> [TASK PROMPT]: Output the listing word for word, minus images.

> [SOURCE DATA]:
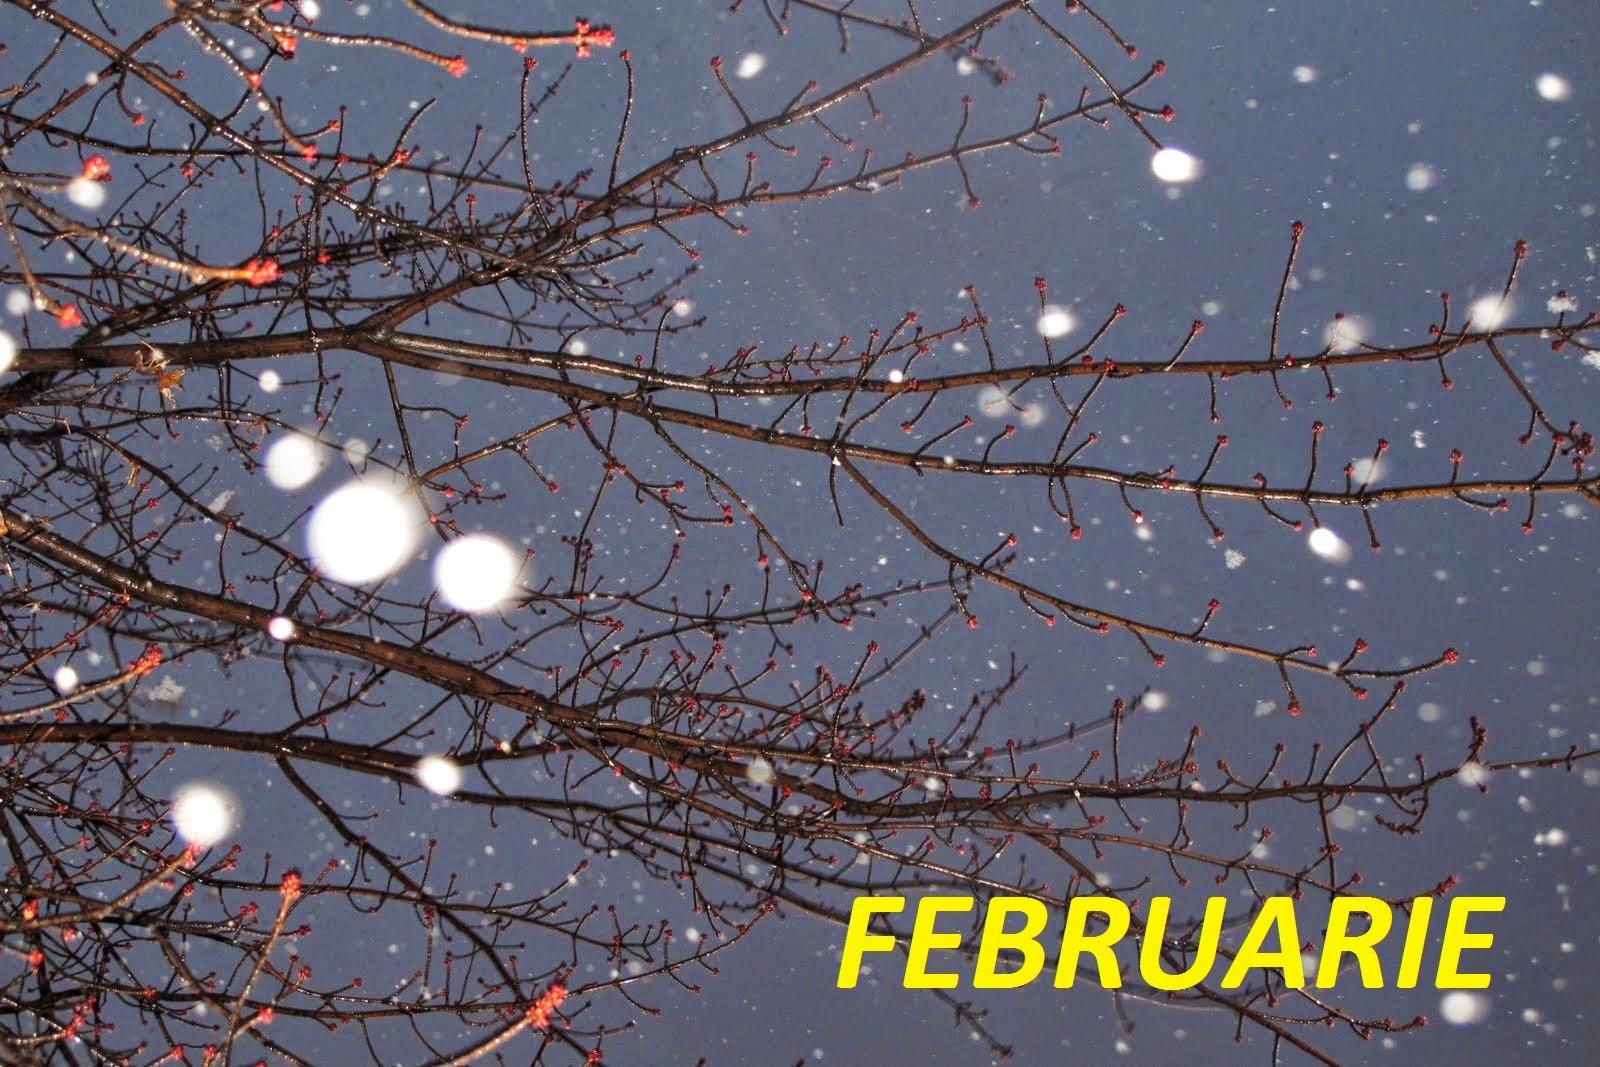 Astrologie horoscop februarie 2015
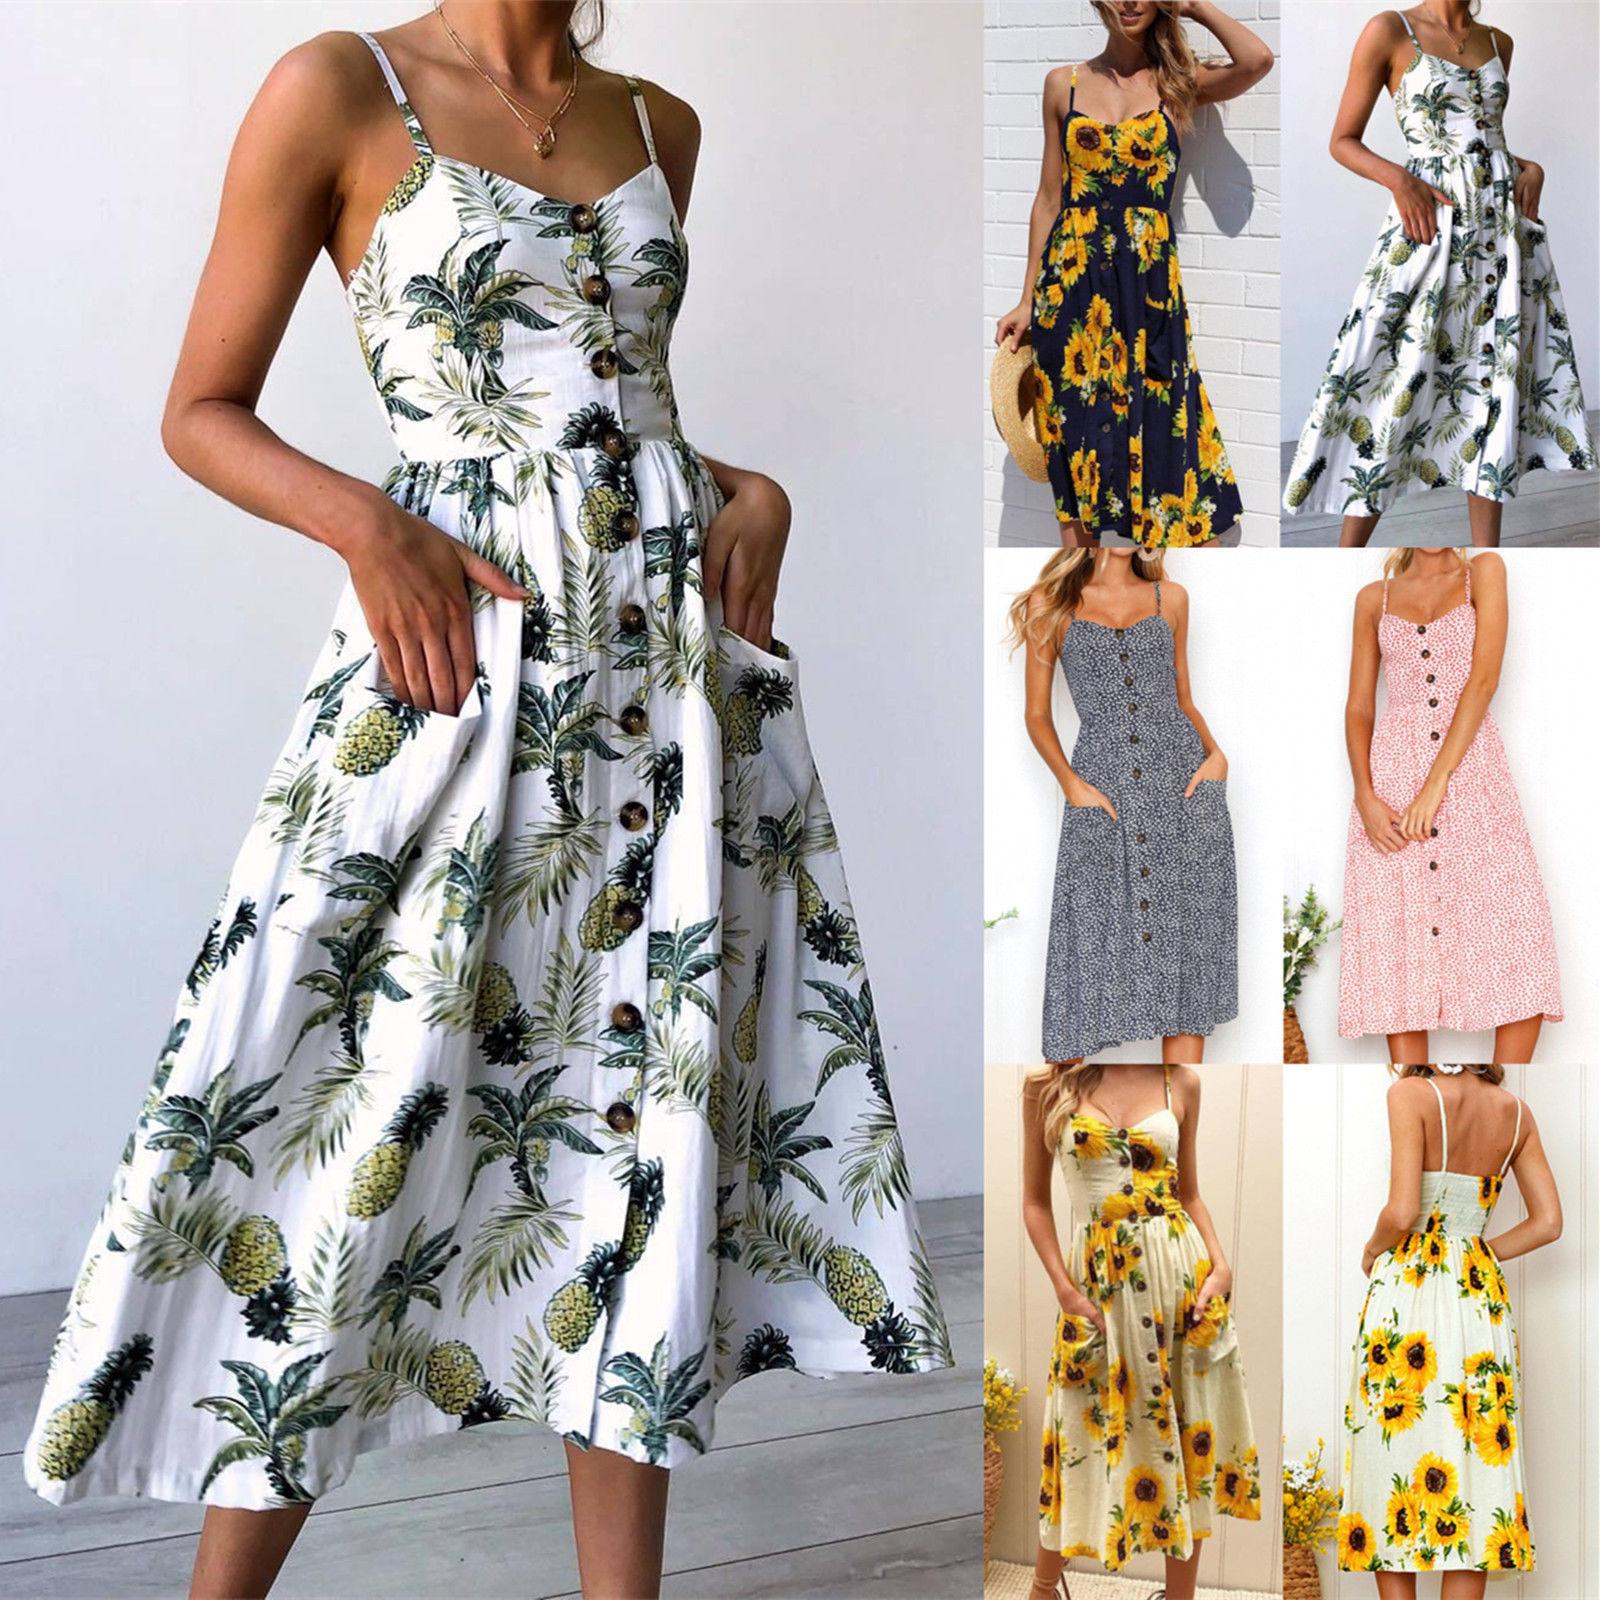 He34ab569cc604f42b852f39aed127347w - Vestidos Estampados 2021: 90 Looks Inspirações, Trends
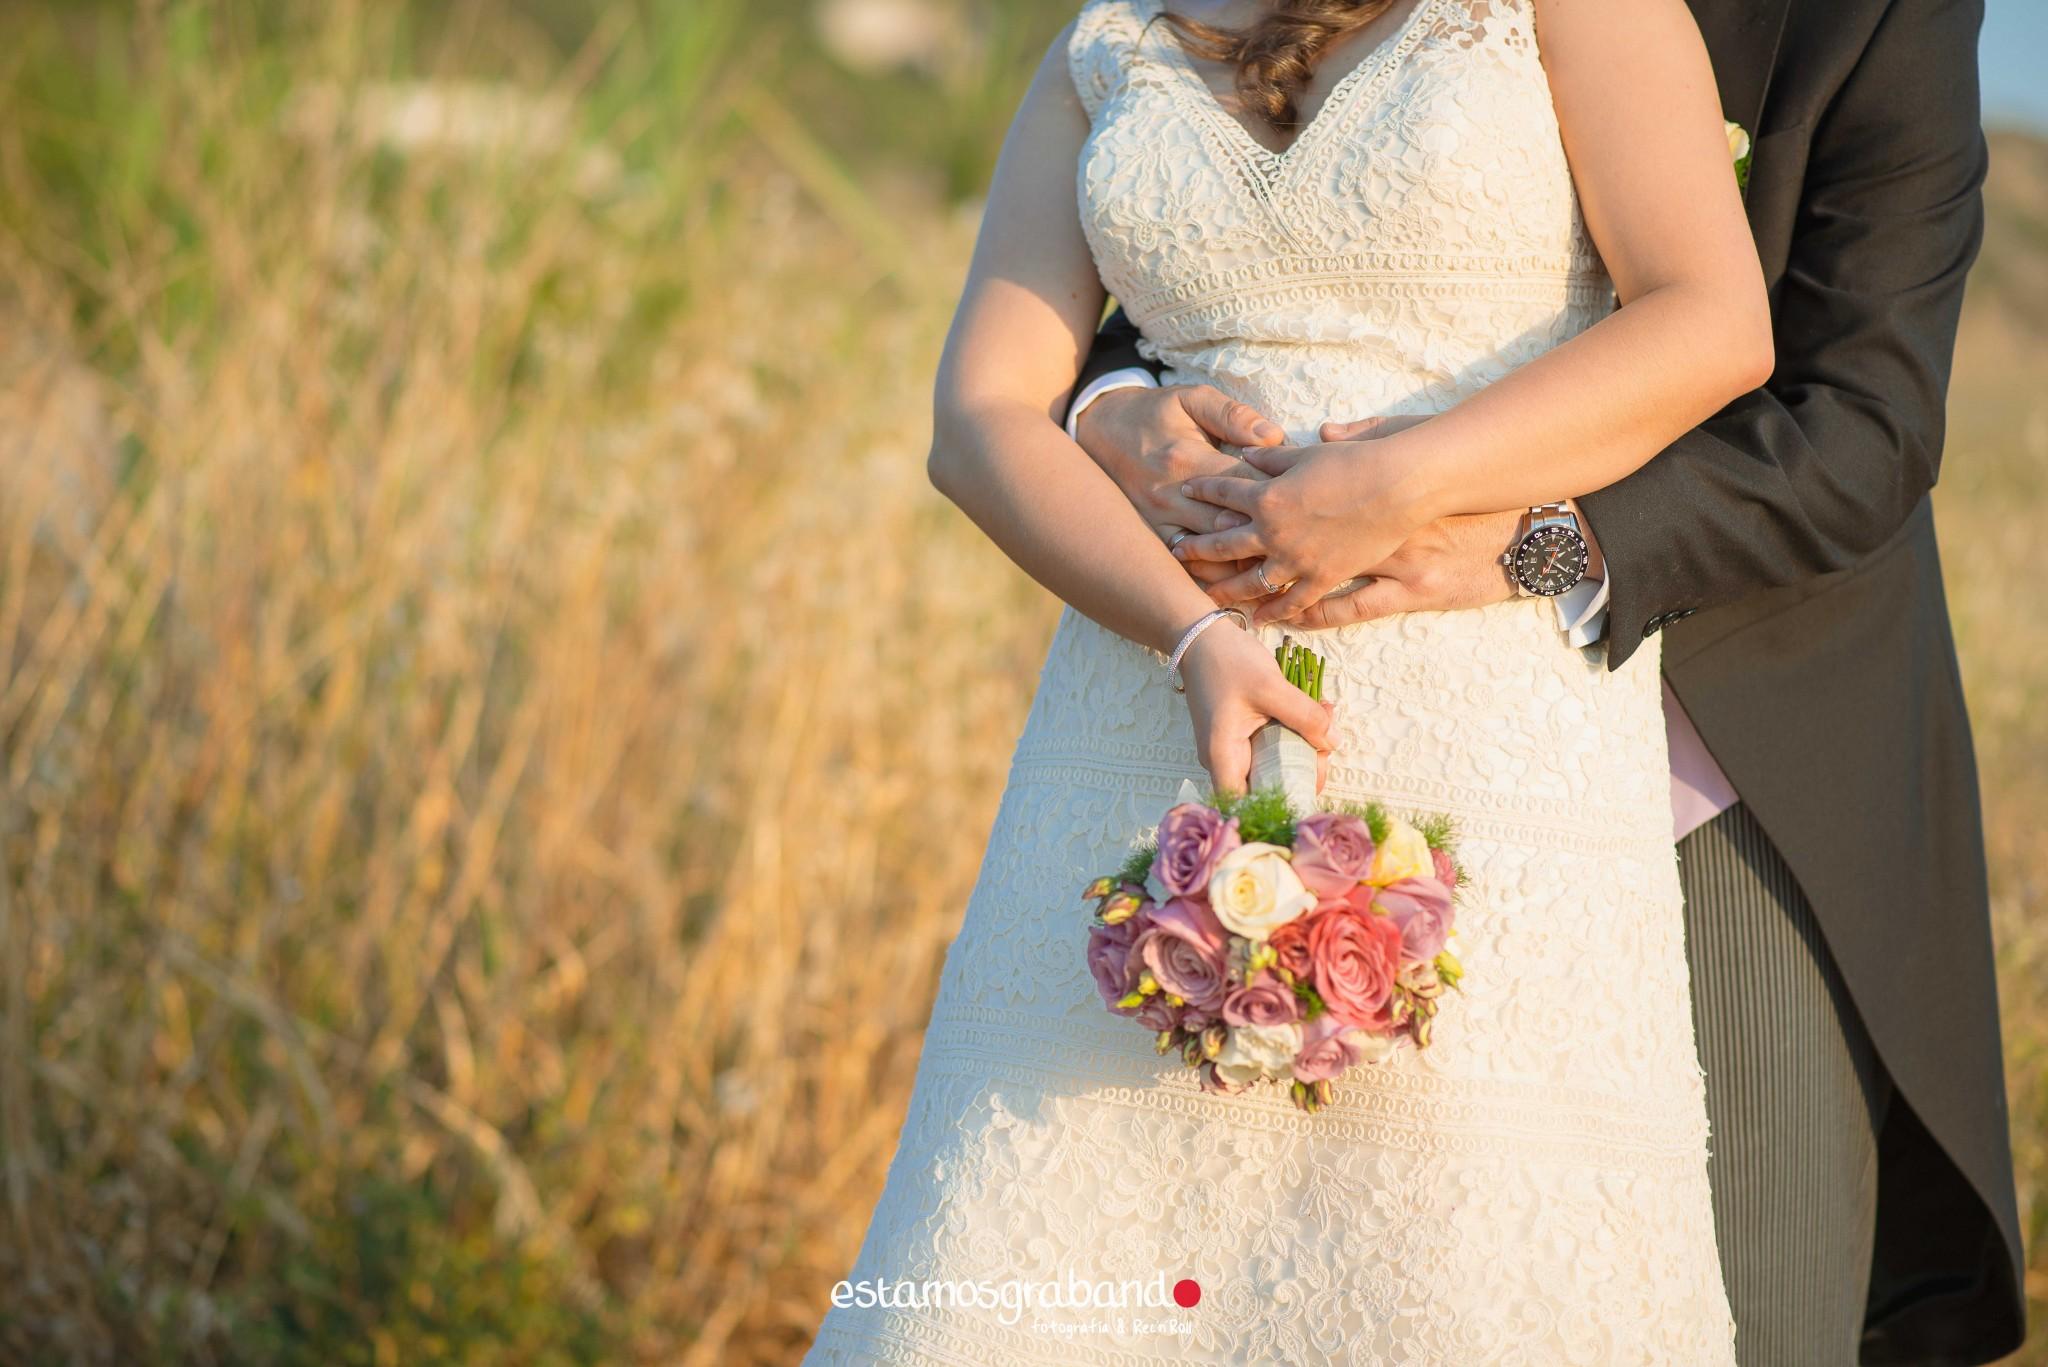 boda-en-chiclana_sonia-y-diego_fotograficc81a-de-boda-56 Zahara Sonia + Diego [Fotografía de Boda en Zahara] - video boda cadiz

> [SOLUTION BELOW]:
 Astrologie horoscop februarie 2015
 He34ab569cc604f42b852f39aed127347w - Vestidos Estampados 2021: 90 Looks Inspirações, Trends
 boda-en-chiclana_sonia-y-diego_fotograficc81a-de-boda-56 Zahara Sonia + Diego [Fotografía de Boda en Zahara] - video boda cadiz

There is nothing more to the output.